Mirror-image strategy to Nvidia/Groq, same underlying thesis.
The Economics
Three forces make the unbundling structural rather than a clever optimization.
Workload mix is shifting toward decode. Reasoning and agentic models output substantially more tokens per request than chat-style models did 18 months ago. A growing share of frontier-model inference revenue comes from decode rather than prefill.
HBM is the binding constraint on decode capacity. HBM3e production runs near full utilization, with 2026 supply already pre-allocated. Any decode workload that migrates to SRAM-based silicon frees HBM for training and prefill, where the alternatives are worse.
Decode carries the margin. At a 4x price premium over input tokens, decode is the gross-margin lane. Operators serving decode on lower-cost silicon capture the spread directly. A disaggregated stack lowers cost per output token versus a single-architecture deployment — the exact figure depends on workload mix, but the sign is unambiguous.
What This Changes
The HBM oligopoly’s pricing power weakens at the margin. Decode migration off HBM-dependent silicon slows HBM3e demand growth and reshapes HBM4 timing assumptions.

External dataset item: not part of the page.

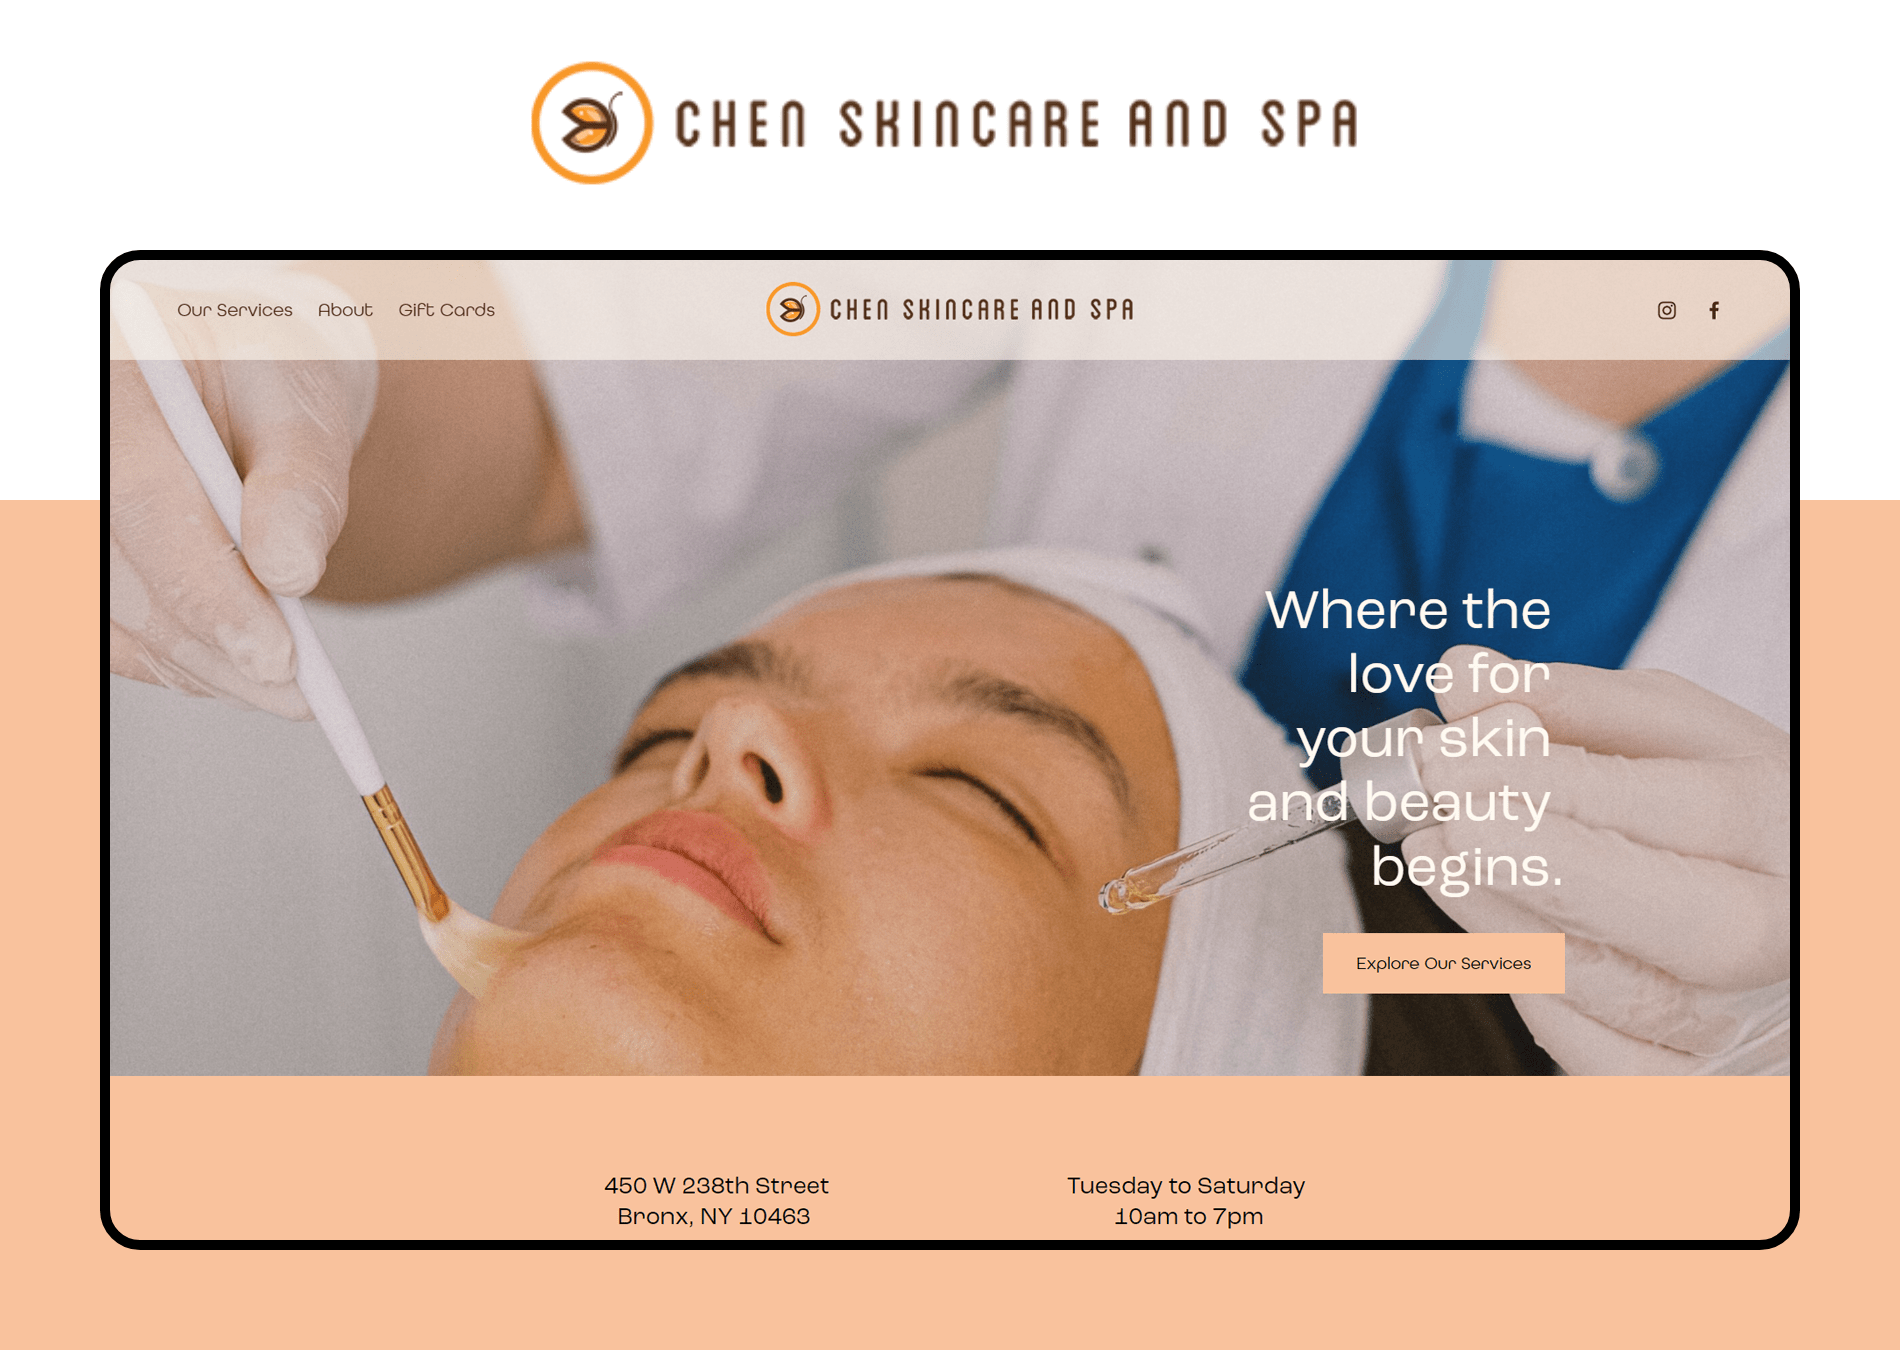 Chen Skin Care

Inference orchestration becomes a control point. The router that decides which phase runs on which silicon — and tunes batch size, chunk size, and KV-cache transfer policy — is the new margin layer. The technical primitives already exist inside vLLM (chunked prefill, prefix caching, KV-cache offloading). The step from “interleave on one GPU” to “route across heterogeneous accelerators” is small. Nvidia (Dynamo, post-Groq), AWS (Bedrock + Trainium + Cerebras), and independent inference platforms (Together, Fireworks, Baseten) will fight for it.
Capital intensity per token declines. A unified GPU stack overpays for FLOPs on decode and overpays for HBM on prefill. The disaggregated stack pays for each only where it is consumed.
New silicon entrants get a clearer wedge. The single-architecture incumbency advantage erodes when the workload itself is two distinct workloads. Memory-bound silicon (Groq, Cerebras, d-Matrix, Tenstorrent) gets a defensible decode lane. Compute-bound silicon keeps prefill but loses its decode rent.
Bottom Line
Prefill and decode are different physics. Different roofline regimes. Different cost structures. Different margin profiles. Inside a single GPU, scheduler-level disaggregation already pays. Across silicon, Nvidia/Groq and Cerebras/AWS are the same trade — pair a compute engine with a memory engine, route the workload, capture the spread.
The single-accelerator era is over. The routing layer owns the margin.